__Supplied material__
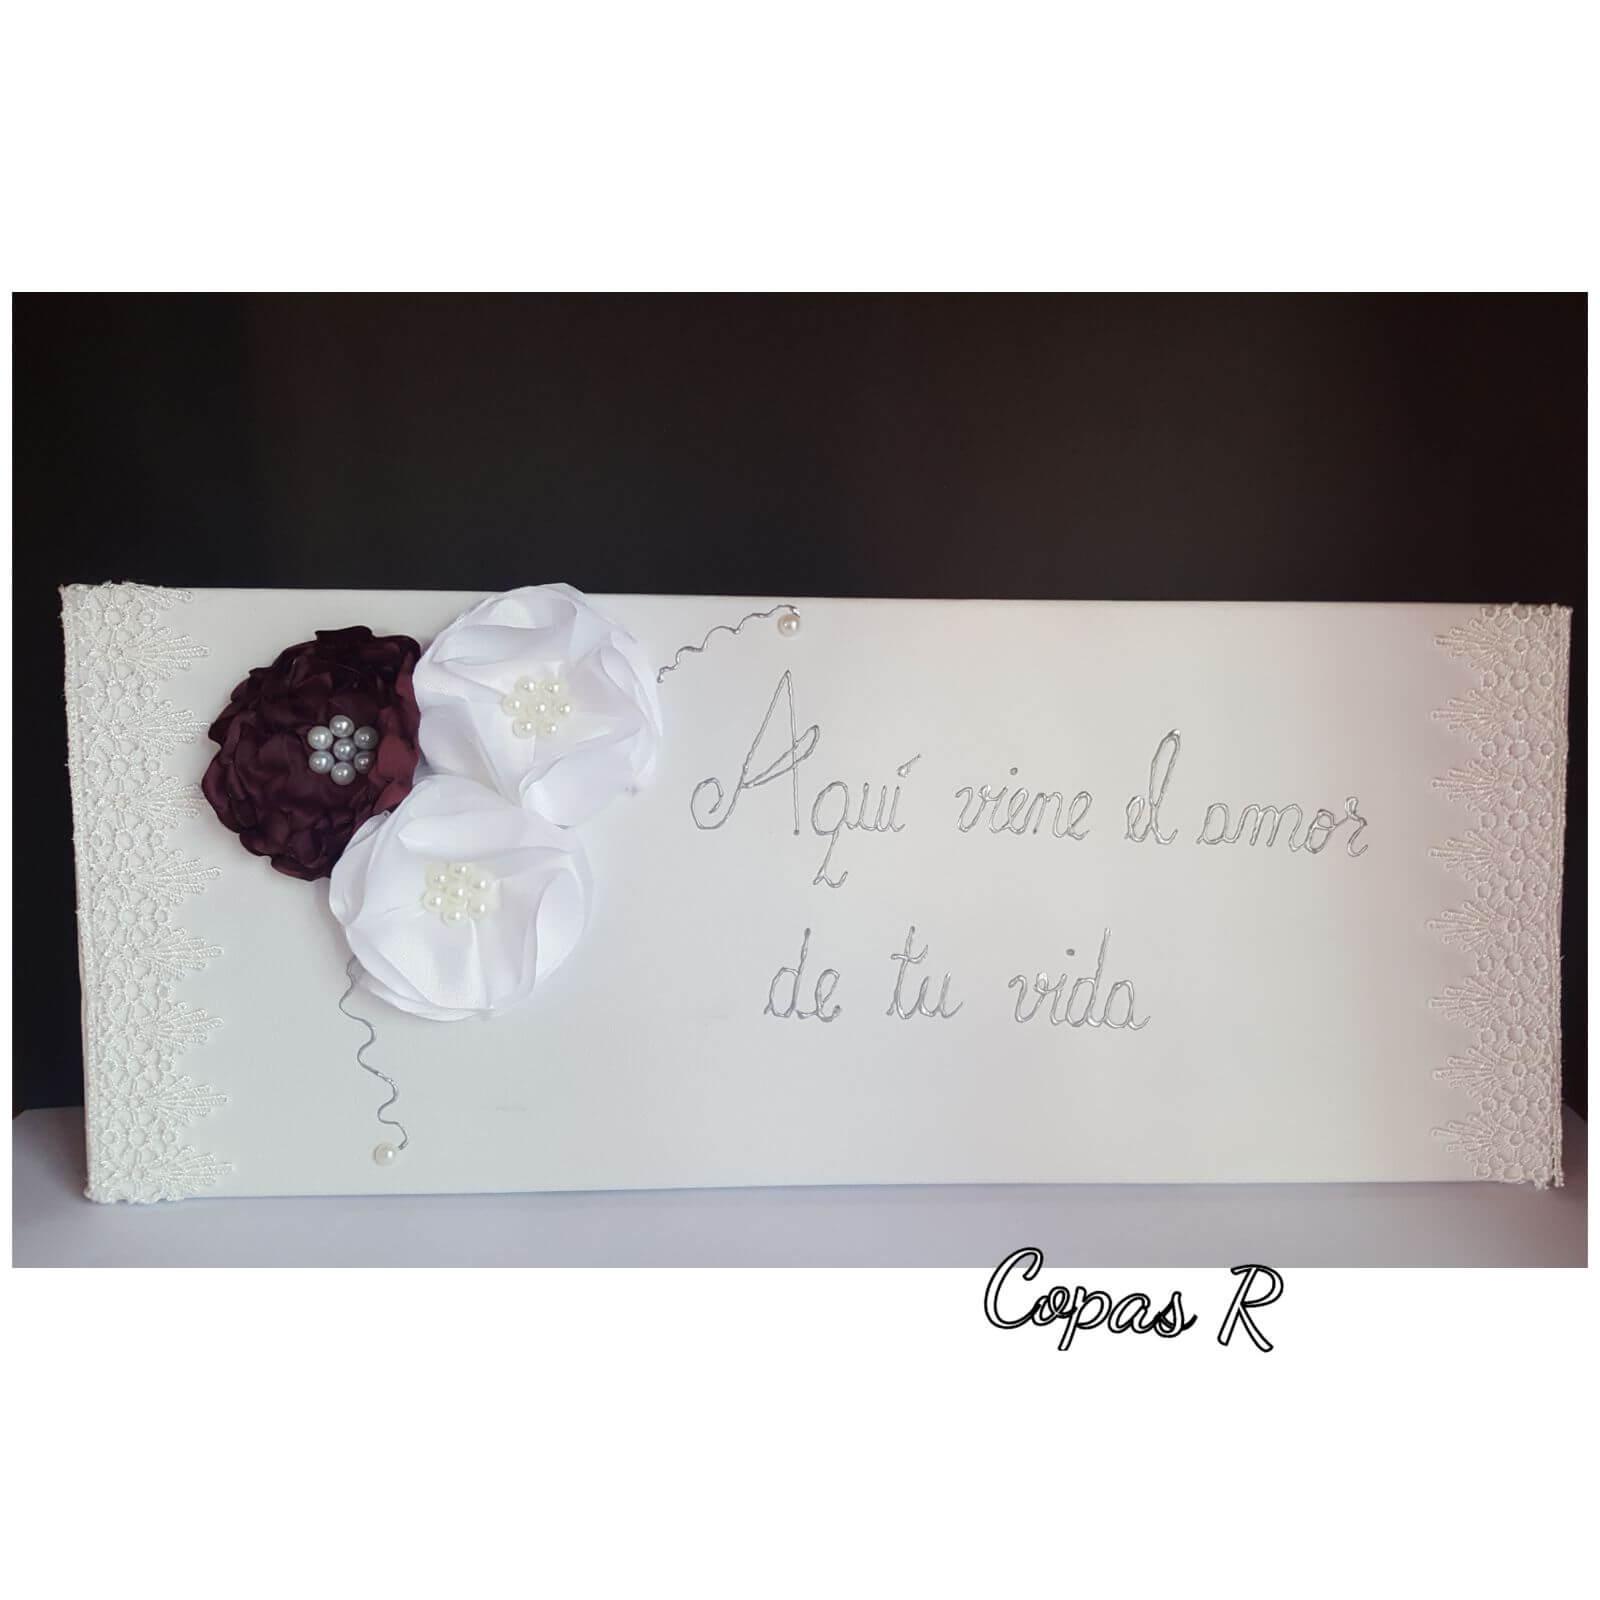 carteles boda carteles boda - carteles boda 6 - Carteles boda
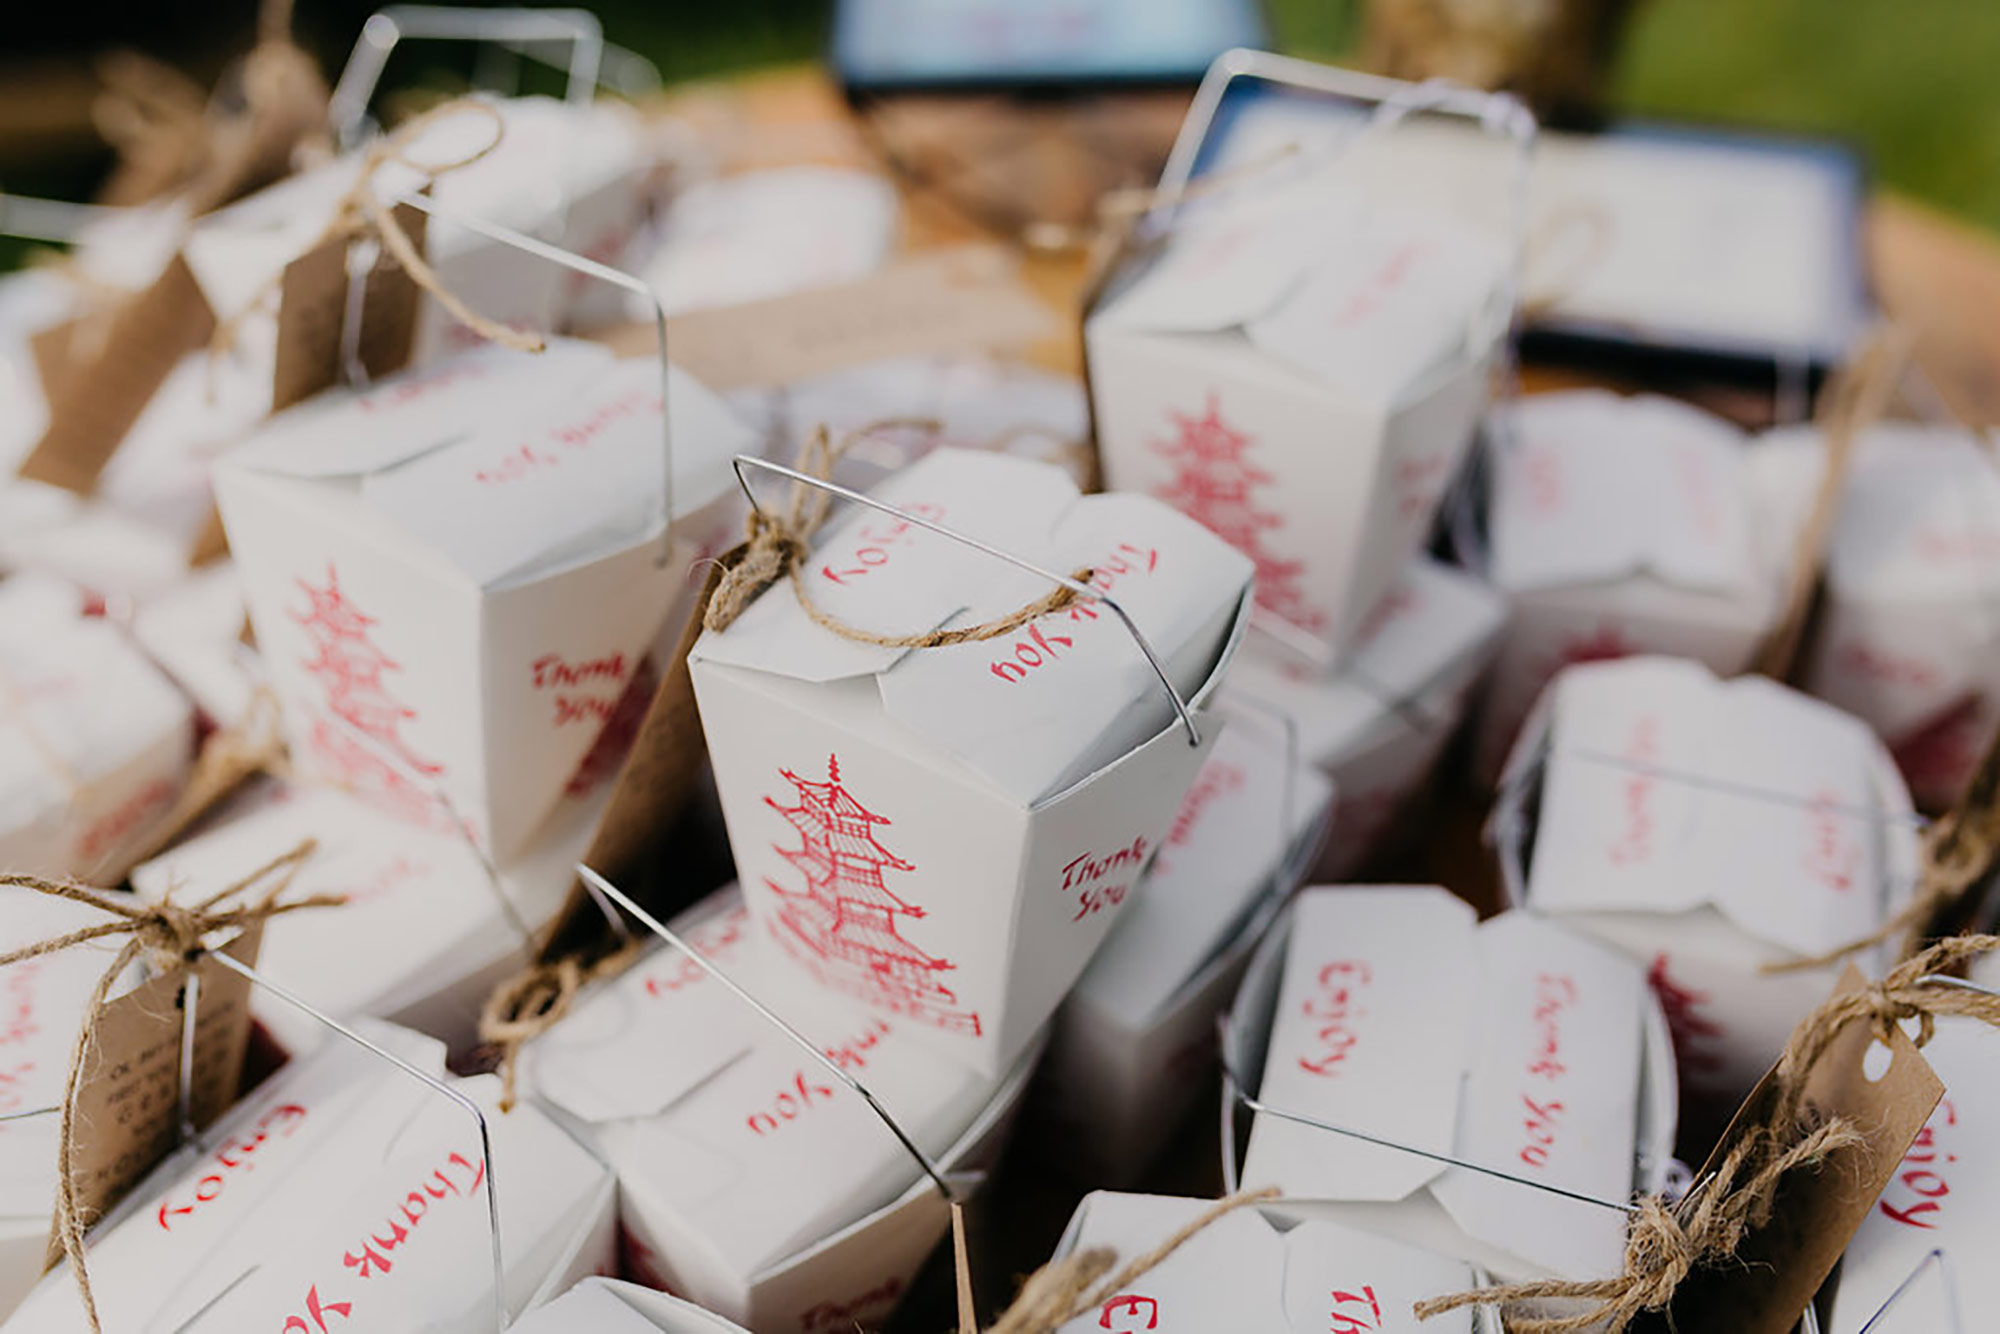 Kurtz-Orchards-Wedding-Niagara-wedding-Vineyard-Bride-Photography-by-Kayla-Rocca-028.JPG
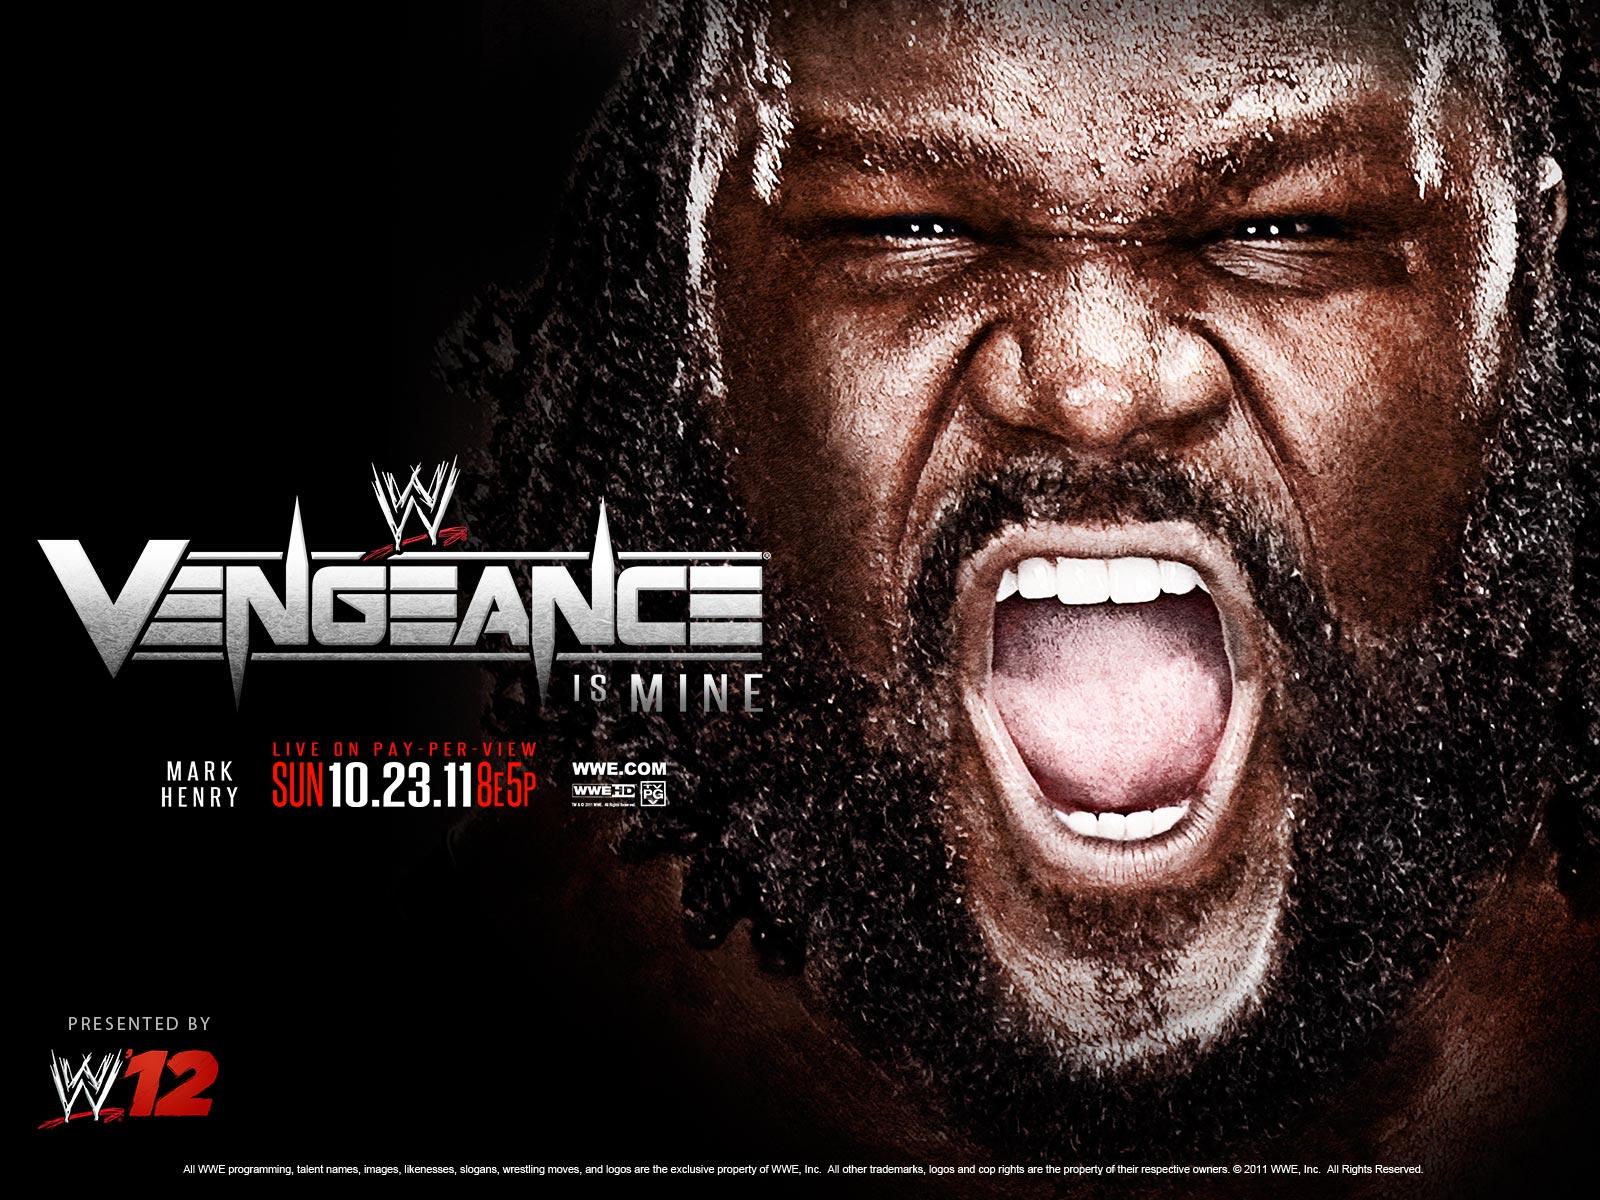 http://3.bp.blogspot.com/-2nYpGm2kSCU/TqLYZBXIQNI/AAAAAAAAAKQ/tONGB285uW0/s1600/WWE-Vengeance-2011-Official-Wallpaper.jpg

__Work instruction__
Reproduce the material exactly; omit the pictures.

__Expected answer__
 carteles boda carteles boda - carteles boda 6 - Carteles boda
 Kurtz-Orchards-Wedding-Niagara-wedding-Vineyard-Bride-Photography-by-Kayla-Rocca-028.JPG
 http://3.bp.blogspot.com/-2nYpGm2kSCU/TqLYZBXIQNI/AAAAAAAAAKQ/tONGB285uW0/s1600/WWE-Vengeance-2011-Official-Wallpaper.jpg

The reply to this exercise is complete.